REQUIRED ACTION: Leaving out the images, please reproduce each line below exactly.

--- DATA Enclosed Below ---

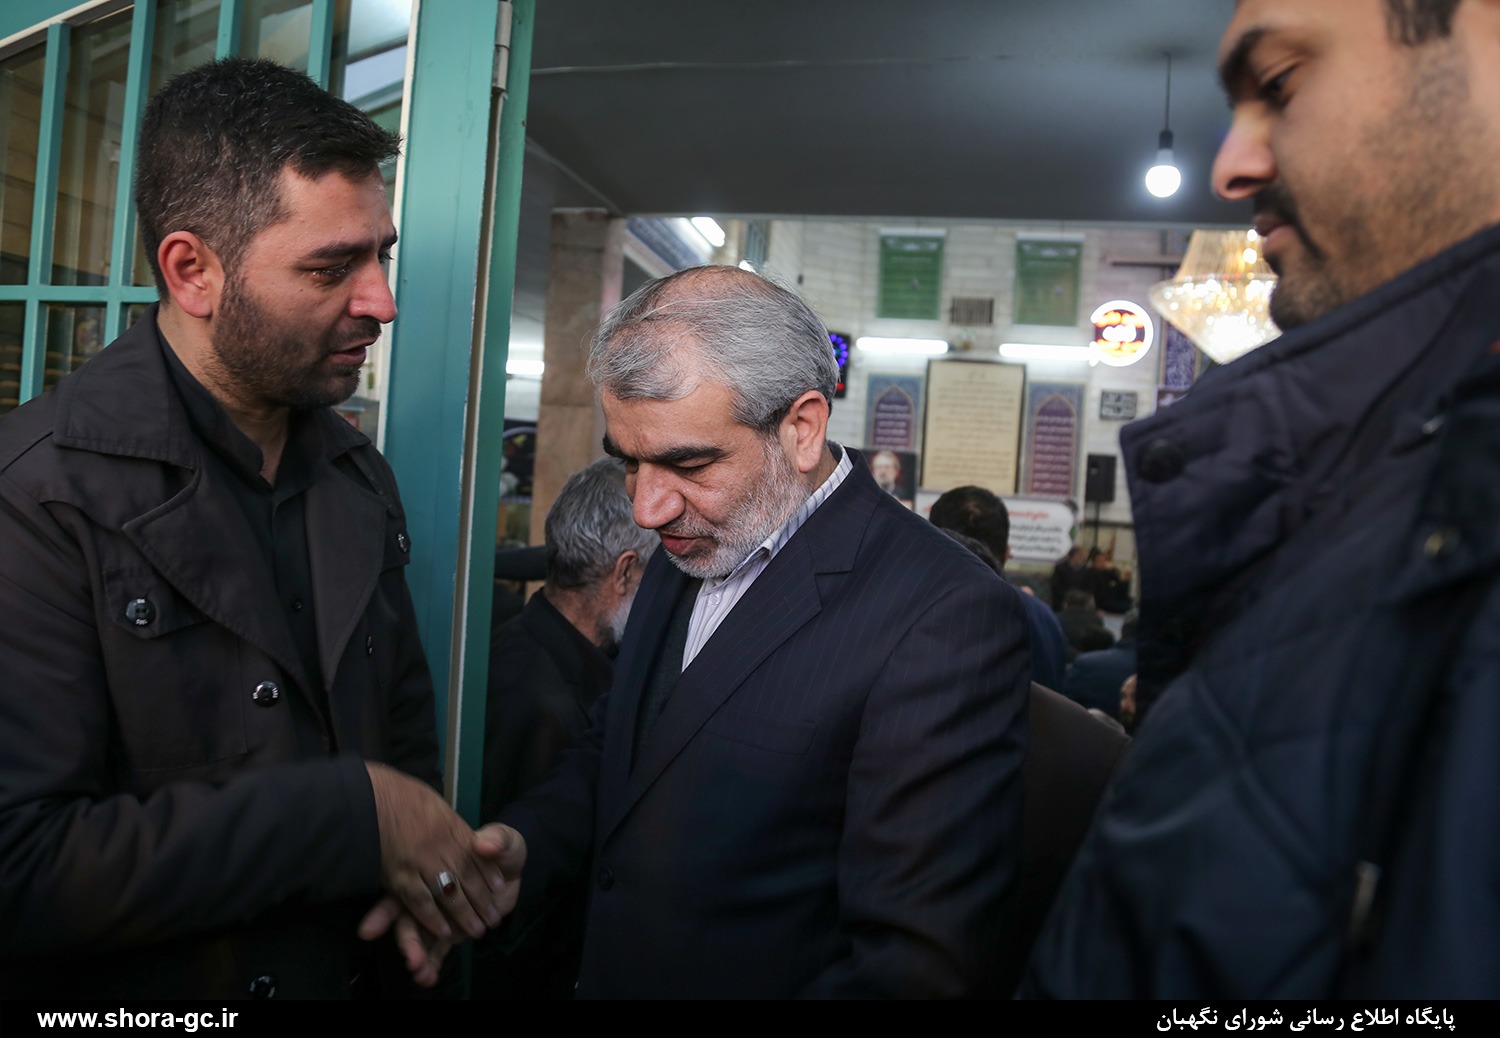 حضور دکتر کدخدایی در مراسم ترحیم خبرنگار خبرگزاری فارس
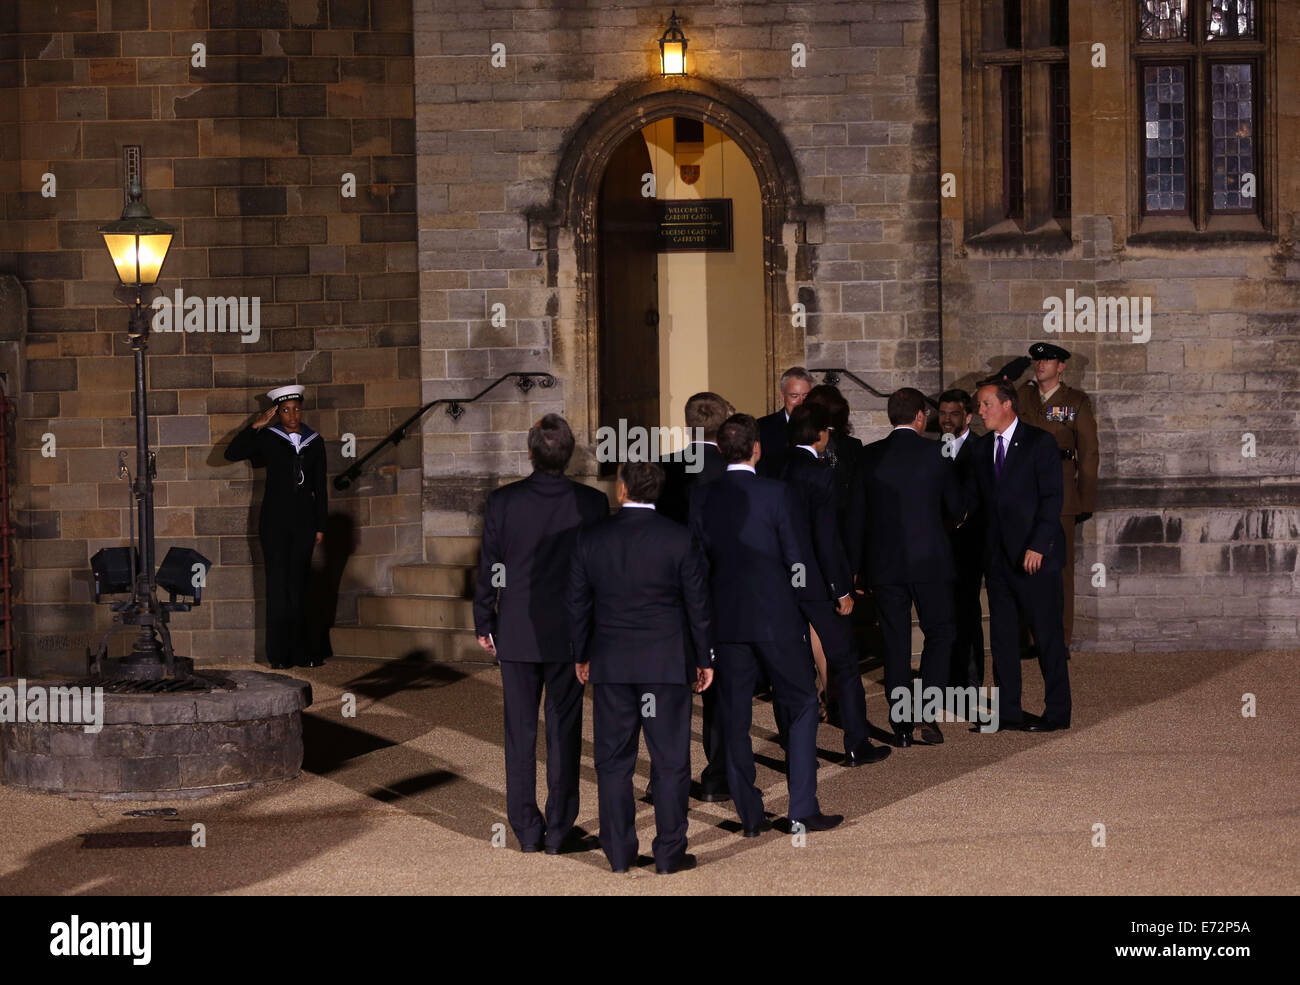 Cardiff UK. Le jeudi 04 septembre 2014 Photo : une file d'attente des dignitaires se forme à l'extérieur le château de Cardiff . Re : dîner officiel, chef de délégations au château de Cardiff dans le cadre du sommet de l'OTAN, dans le sud du Pays de Galles, Royaume-Uni. Banque D'Images
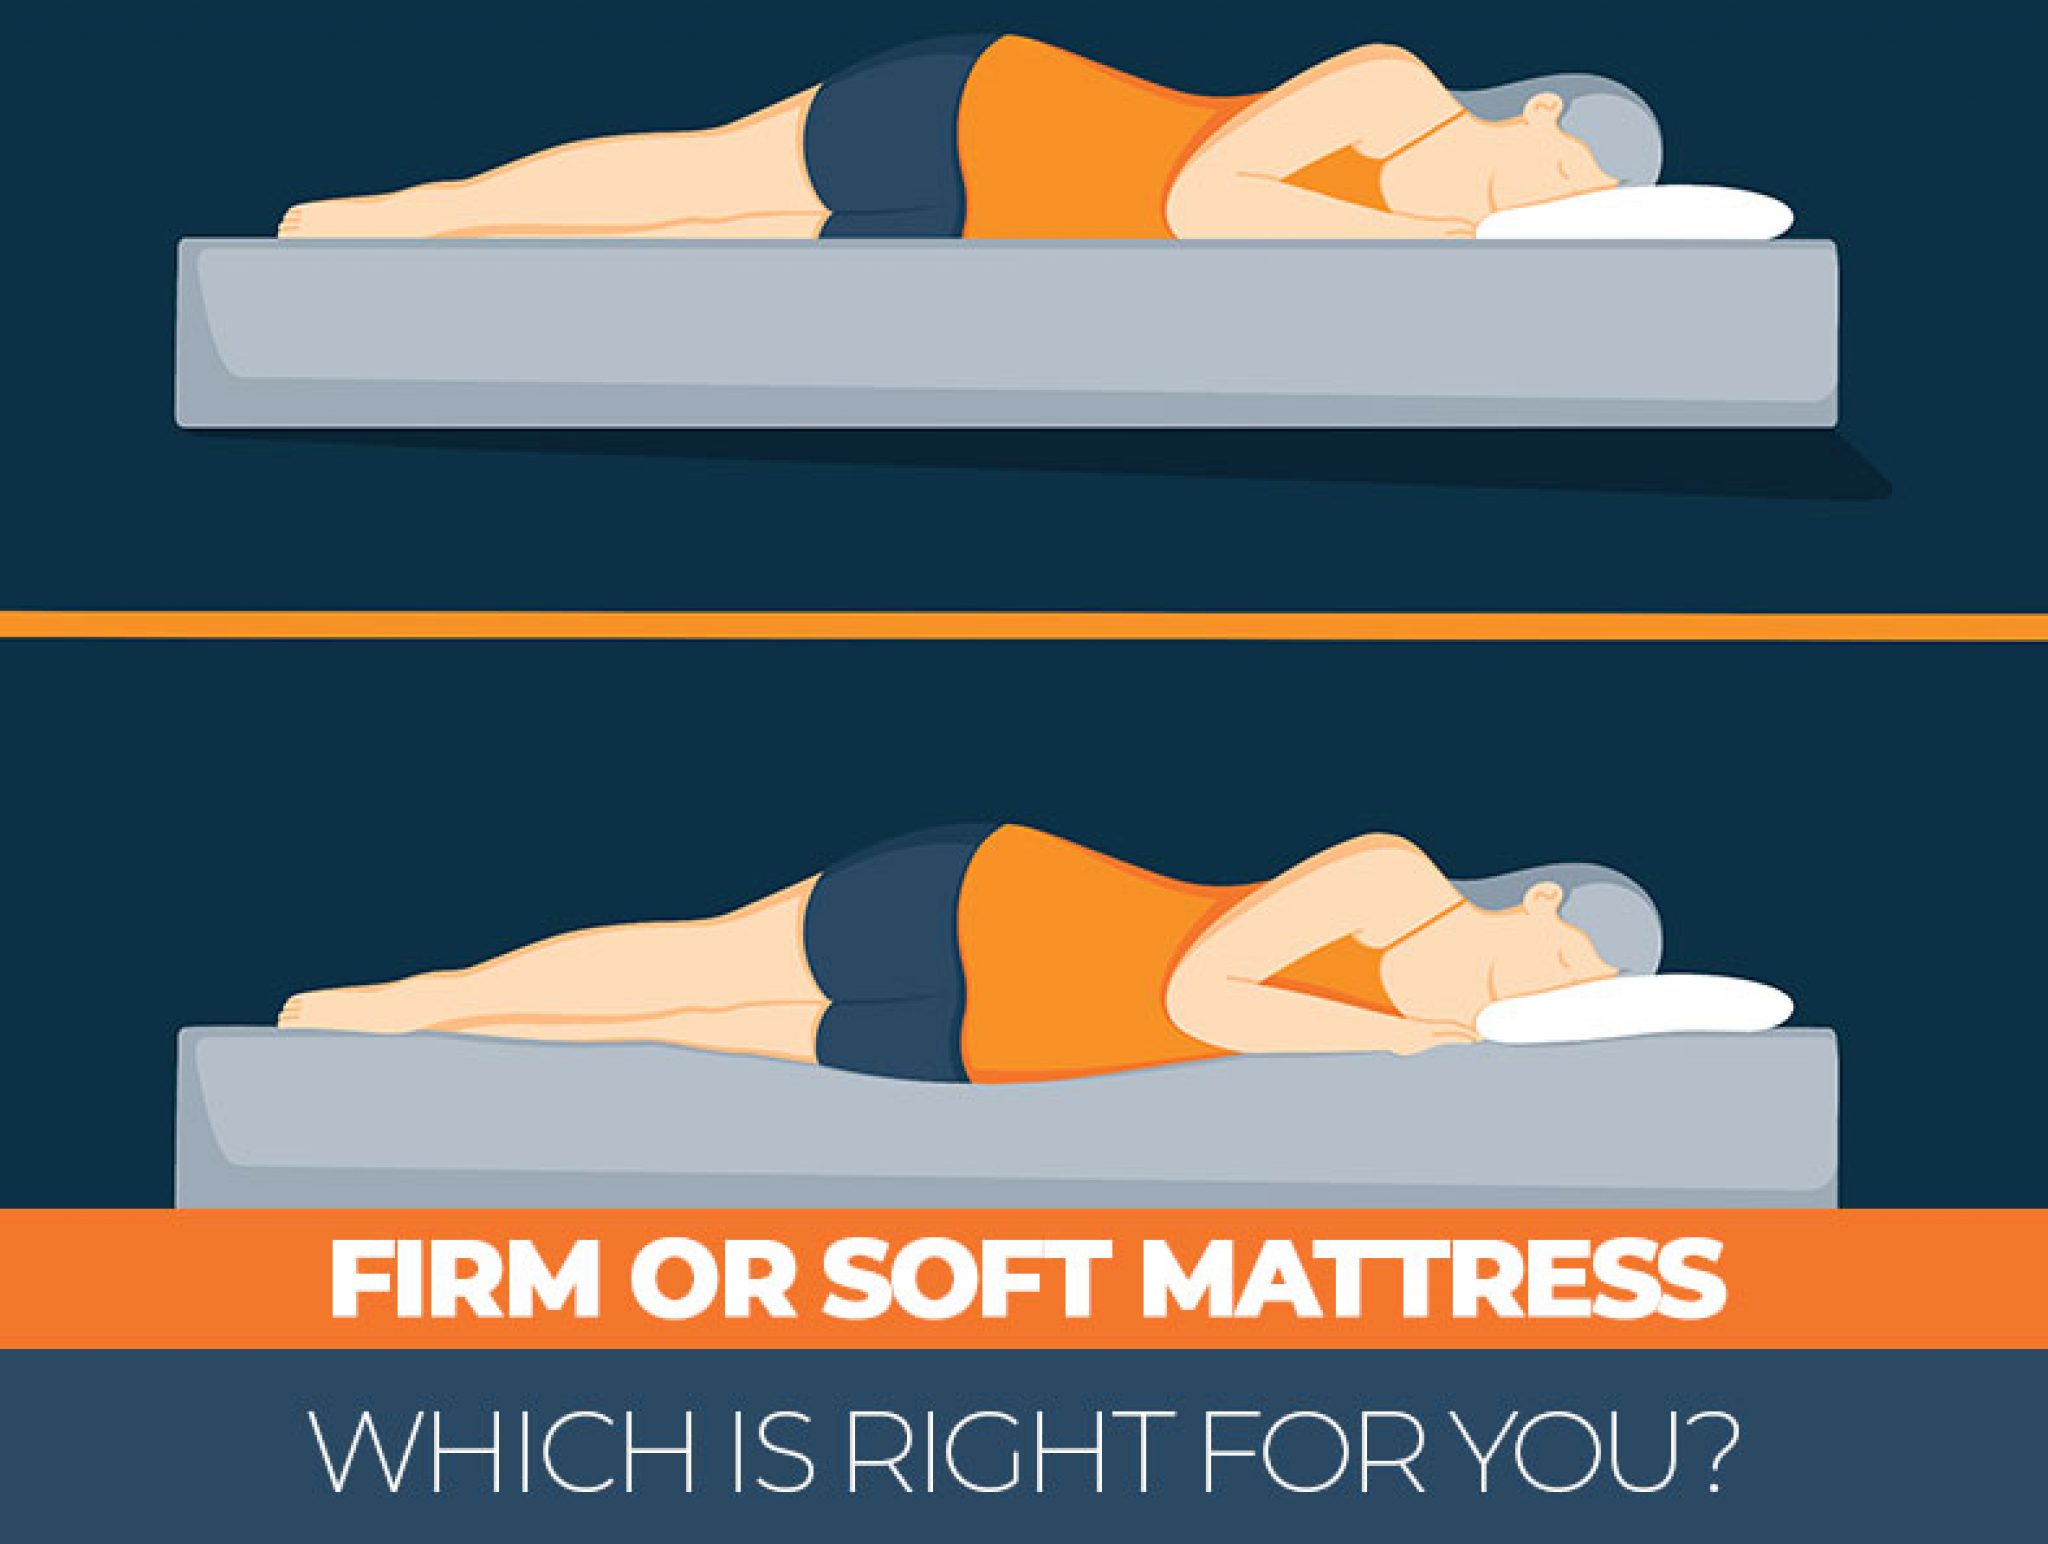 soft firm or normal mattress

--- End of Enclosed DATA ---

ANSWER TO THE PROBLEM:
 حضور دکتر کدخدایی در مراسم ترحیم خبرنگار خبرگزاری فارس
 Cardiff UK. Le jeudi 04 septembre 2014 Photo : une file d'attente des dignitaires se forme à l'extérieur le château de Cardiff . Re : dîner officiel, chef de délégations au château de Cardiff dans le cadre du sommet de l'OTAN, dans le sud du Pays de Galles, Royaume-Uni. Banque D'Images
 soft firm or normal mattress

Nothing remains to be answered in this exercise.